» What is needed: Omit every picture. Return all other data as it stands.

» Recorded information:

__________

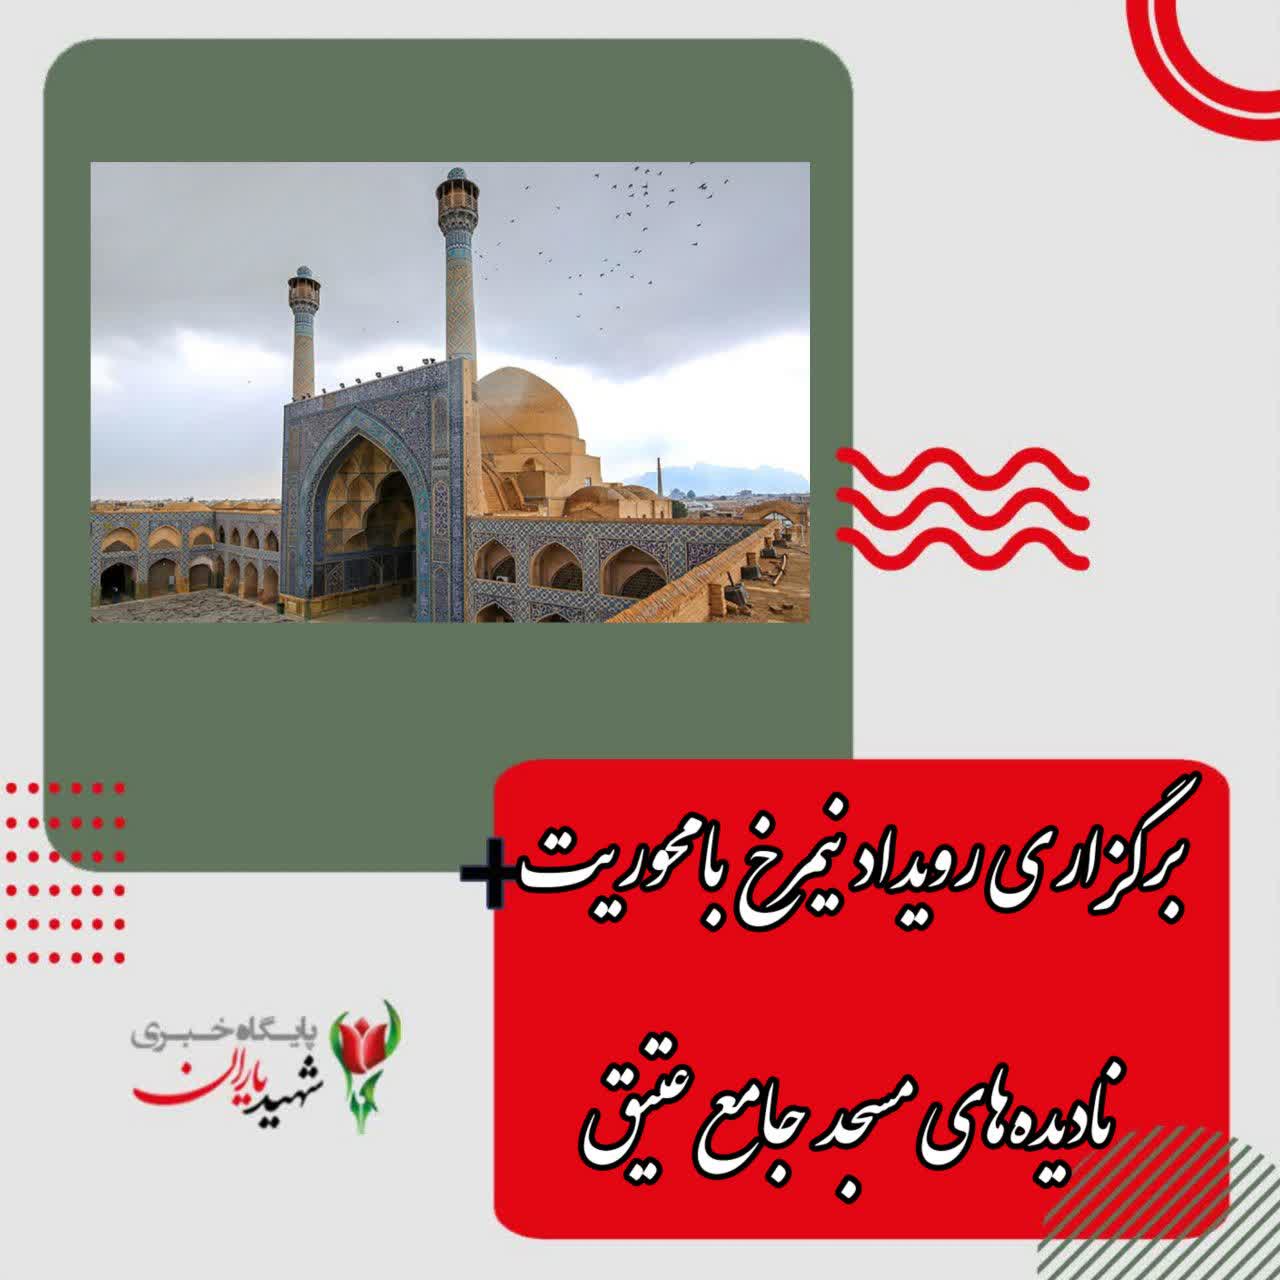 رئیس اداره گردشگری سازمان فرهنگی اجتماعی ورزشی شهرداری اصفهان خبر داد:
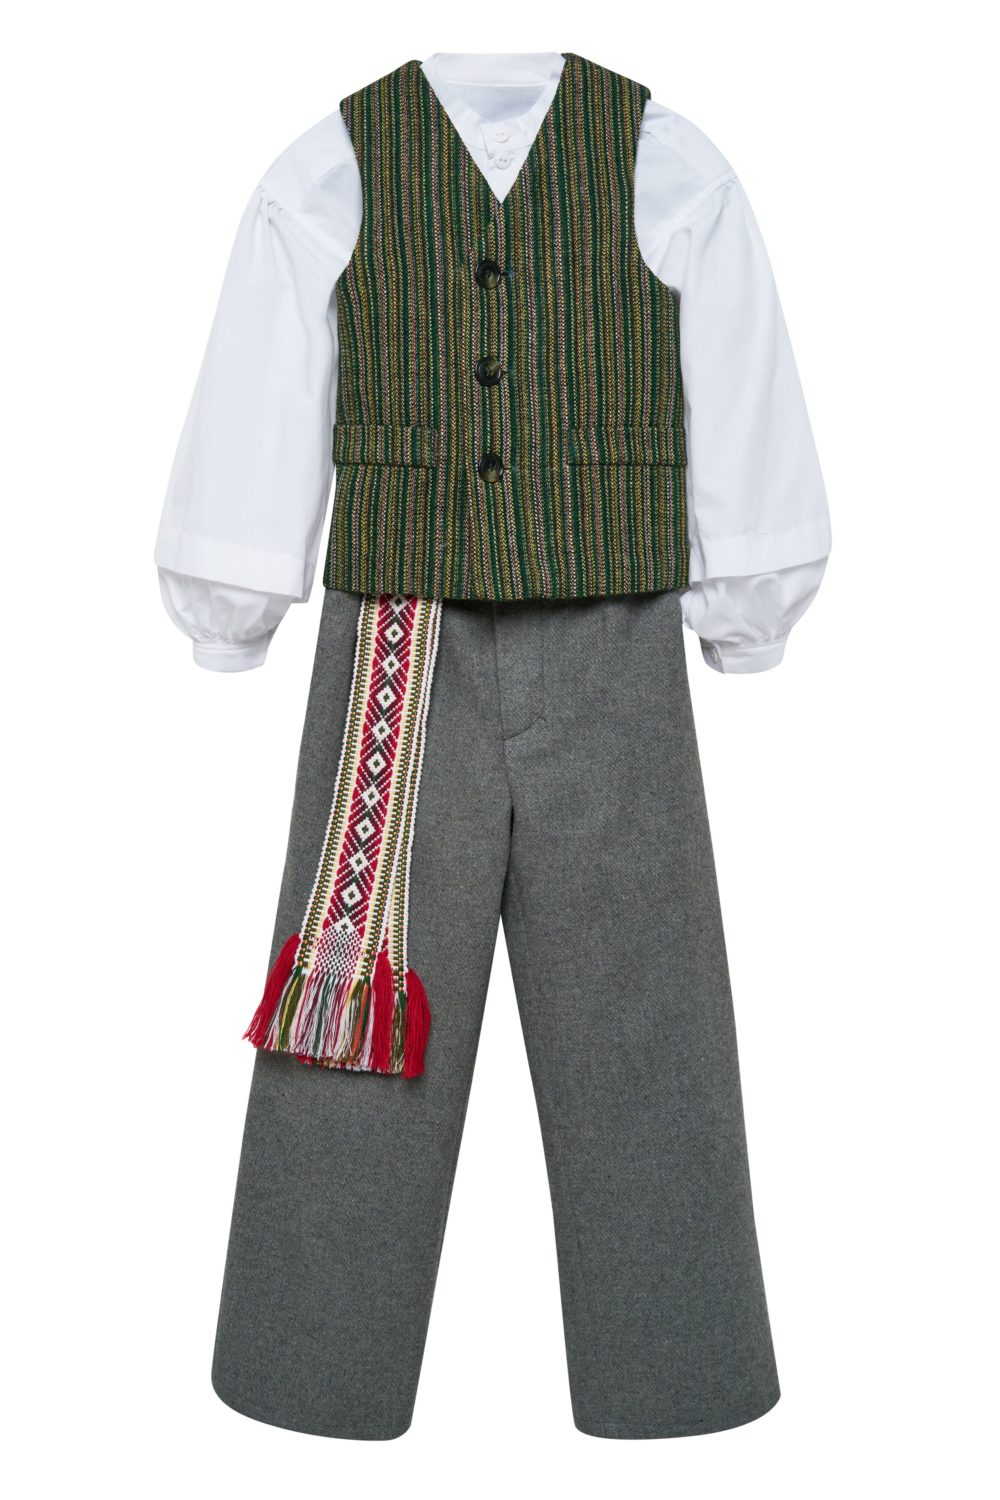 Berniuko/vaikino tautinis kostiumas KBER1
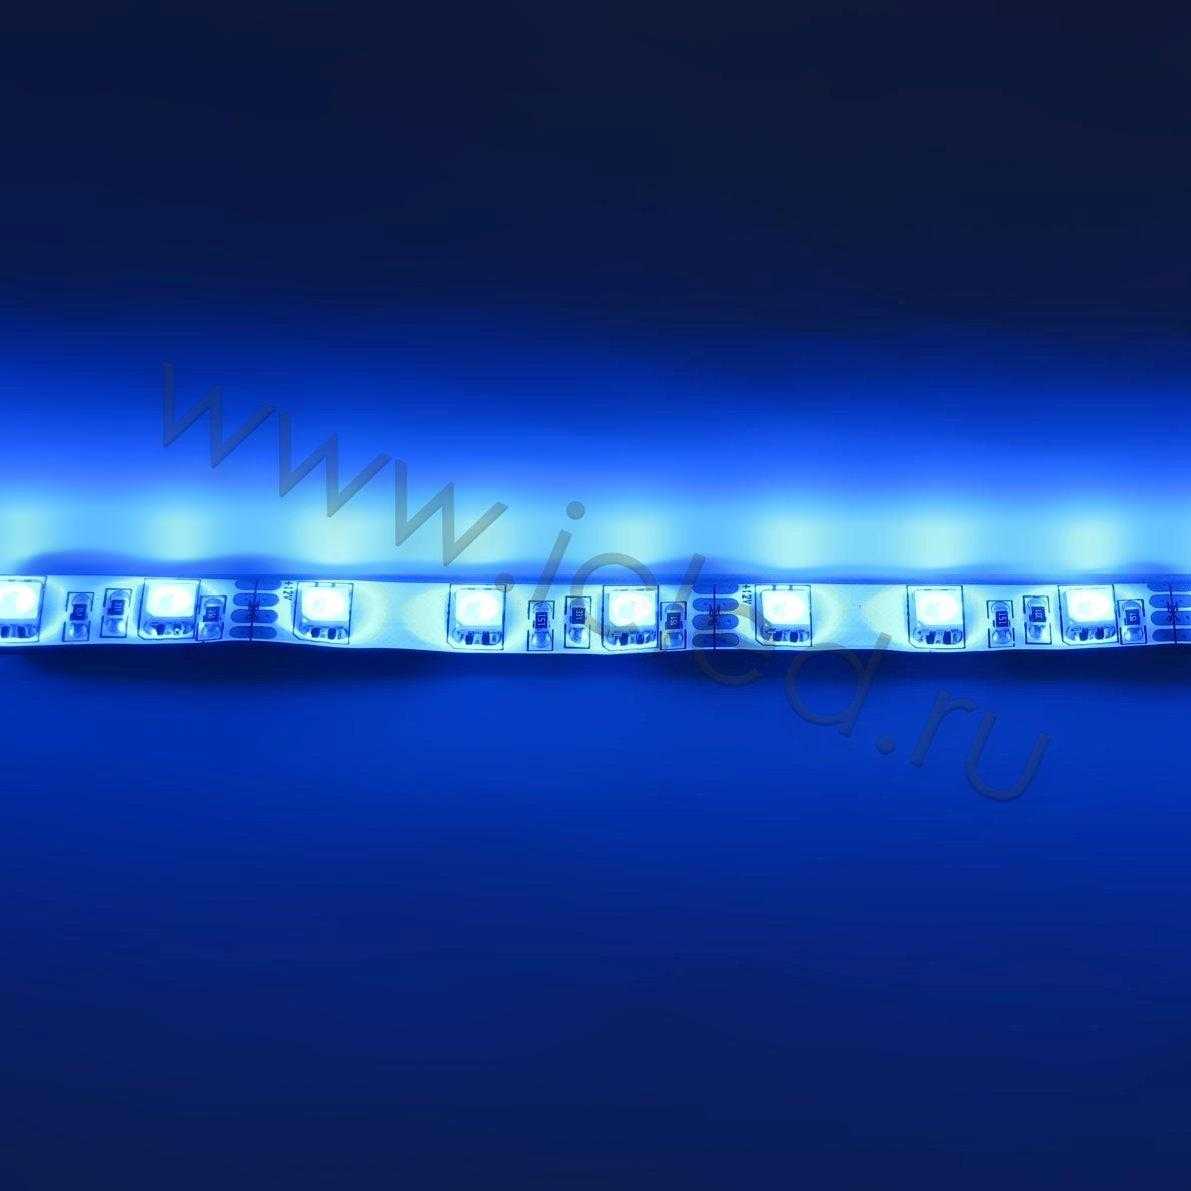 Влагозащищенные светодиодные ленты Светодиодная лента LUX class, 5050, 60 led/m, RGB, 12V, IP65 Icled

__________

» Solution:
 رئیس اداره گردشگری سازمان فرهنگی اجتماعی ورزشی شهرداری اصفهان خبر داد:
 Berniuko/vaikino tautinis kostiumas KBER1
 Влагозащищенные светодиодные ленты Светодиодная лента LUX class, 5050, 60 led/m, RGB, 12V, IP65 Icled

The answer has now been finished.